** The problem **
Look through the data below for the line with "Elite 250 adjustable bed frame" and the line with "Servant Leadership Image", then output those two and all lines in between, exactly as written.

-- Exercise inputs follows --

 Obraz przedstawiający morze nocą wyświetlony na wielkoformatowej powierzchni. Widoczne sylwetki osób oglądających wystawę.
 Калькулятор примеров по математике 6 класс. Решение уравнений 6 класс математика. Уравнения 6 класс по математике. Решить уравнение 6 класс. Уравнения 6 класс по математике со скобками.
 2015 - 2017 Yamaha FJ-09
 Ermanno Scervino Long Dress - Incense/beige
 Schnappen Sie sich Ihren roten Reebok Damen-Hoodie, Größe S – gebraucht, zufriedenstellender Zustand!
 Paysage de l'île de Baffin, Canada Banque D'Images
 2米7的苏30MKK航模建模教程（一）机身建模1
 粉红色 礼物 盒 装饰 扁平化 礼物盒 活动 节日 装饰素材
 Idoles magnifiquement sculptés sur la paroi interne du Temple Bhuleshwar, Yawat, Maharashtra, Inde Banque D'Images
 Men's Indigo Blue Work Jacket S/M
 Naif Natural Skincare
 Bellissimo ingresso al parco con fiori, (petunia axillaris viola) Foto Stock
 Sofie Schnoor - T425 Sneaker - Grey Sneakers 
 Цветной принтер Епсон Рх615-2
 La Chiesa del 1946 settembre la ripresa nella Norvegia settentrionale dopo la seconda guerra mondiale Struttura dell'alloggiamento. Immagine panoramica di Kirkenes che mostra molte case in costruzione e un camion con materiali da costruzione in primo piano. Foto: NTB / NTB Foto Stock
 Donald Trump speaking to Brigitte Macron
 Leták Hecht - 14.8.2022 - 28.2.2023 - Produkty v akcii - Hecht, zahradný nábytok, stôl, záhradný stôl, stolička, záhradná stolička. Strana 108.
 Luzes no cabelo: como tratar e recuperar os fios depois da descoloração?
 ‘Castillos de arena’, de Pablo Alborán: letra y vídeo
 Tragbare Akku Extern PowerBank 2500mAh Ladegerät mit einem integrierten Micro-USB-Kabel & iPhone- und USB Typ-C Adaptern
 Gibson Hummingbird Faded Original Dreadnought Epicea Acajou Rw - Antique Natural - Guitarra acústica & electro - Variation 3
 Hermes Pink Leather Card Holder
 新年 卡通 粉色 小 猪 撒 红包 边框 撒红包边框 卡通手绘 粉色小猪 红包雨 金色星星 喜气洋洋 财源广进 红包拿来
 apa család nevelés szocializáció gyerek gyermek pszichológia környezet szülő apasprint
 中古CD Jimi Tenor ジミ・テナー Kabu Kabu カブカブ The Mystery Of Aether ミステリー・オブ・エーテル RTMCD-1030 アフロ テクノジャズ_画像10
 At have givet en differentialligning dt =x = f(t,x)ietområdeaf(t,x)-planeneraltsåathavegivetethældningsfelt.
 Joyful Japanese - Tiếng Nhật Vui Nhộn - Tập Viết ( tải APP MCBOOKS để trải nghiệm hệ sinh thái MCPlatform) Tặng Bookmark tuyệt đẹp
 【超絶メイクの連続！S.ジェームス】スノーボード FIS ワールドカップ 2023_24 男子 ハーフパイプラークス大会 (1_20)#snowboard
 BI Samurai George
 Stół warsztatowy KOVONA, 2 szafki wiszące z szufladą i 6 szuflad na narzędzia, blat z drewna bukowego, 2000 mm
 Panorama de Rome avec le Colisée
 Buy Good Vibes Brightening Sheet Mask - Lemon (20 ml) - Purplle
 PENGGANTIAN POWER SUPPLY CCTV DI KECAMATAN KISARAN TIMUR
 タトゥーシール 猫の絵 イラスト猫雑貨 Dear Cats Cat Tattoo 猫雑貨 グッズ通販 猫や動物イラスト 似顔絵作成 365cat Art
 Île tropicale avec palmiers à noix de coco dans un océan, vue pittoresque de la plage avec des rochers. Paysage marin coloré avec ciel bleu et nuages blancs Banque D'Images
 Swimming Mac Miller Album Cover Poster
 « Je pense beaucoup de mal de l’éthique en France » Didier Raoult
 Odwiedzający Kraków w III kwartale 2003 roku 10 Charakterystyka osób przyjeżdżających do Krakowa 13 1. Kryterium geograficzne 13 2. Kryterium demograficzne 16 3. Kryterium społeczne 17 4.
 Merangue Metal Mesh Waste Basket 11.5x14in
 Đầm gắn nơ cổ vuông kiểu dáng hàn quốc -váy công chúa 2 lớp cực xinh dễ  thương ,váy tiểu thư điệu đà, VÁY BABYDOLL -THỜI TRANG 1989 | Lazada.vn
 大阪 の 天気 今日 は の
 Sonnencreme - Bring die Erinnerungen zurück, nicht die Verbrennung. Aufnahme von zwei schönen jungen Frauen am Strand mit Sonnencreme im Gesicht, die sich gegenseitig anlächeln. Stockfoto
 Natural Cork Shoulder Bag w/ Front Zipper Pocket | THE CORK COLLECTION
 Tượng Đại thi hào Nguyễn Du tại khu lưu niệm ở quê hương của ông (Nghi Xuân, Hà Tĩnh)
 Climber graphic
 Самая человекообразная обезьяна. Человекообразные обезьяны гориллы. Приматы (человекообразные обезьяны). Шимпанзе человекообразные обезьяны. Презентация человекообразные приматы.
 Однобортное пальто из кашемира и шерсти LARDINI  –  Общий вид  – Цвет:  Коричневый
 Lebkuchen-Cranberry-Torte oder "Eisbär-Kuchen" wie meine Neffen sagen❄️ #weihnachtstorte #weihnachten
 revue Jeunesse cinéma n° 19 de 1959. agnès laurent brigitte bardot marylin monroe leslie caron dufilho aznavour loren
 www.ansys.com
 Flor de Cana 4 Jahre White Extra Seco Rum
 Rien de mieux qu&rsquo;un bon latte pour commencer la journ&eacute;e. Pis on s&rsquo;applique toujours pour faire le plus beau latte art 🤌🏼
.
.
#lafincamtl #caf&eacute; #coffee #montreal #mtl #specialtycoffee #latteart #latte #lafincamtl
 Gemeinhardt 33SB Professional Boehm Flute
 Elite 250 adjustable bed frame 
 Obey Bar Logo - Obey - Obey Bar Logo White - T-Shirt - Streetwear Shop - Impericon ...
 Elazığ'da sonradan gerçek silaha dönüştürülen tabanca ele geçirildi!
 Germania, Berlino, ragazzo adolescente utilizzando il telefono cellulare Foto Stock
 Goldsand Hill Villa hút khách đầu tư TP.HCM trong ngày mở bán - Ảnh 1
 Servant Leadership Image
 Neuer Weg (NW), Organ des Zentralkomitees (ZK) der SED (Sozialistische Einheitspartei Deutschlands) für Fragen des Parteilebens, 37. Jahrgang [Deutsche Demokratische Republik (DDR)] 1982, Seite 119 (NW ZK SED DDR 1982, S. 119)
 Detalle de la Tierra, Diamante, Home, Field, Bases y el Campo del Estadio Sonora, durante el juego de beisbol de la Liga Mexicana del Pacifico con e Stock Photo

-- Exercise inputs concluded --

** Solution for this problem **
 Elite 250 adjustable bed frame 
 Obey Bar Logo - Obey - Obey Bar Logo White - T-Shirt - Streetwear Shop - Impericon ...
 Elazığ'da sonradan gerçek silaha dönüştürülen tabanca ele geçirildi!
 Germania, Berlino, ragazzo adolescente utilizzando il telefono cellulare Foto Stock
 Goldsand Hill Villa hút khách đầu tư TP.HCM trong ngày mở bán - Ảnh 1
 Servant Leadership Image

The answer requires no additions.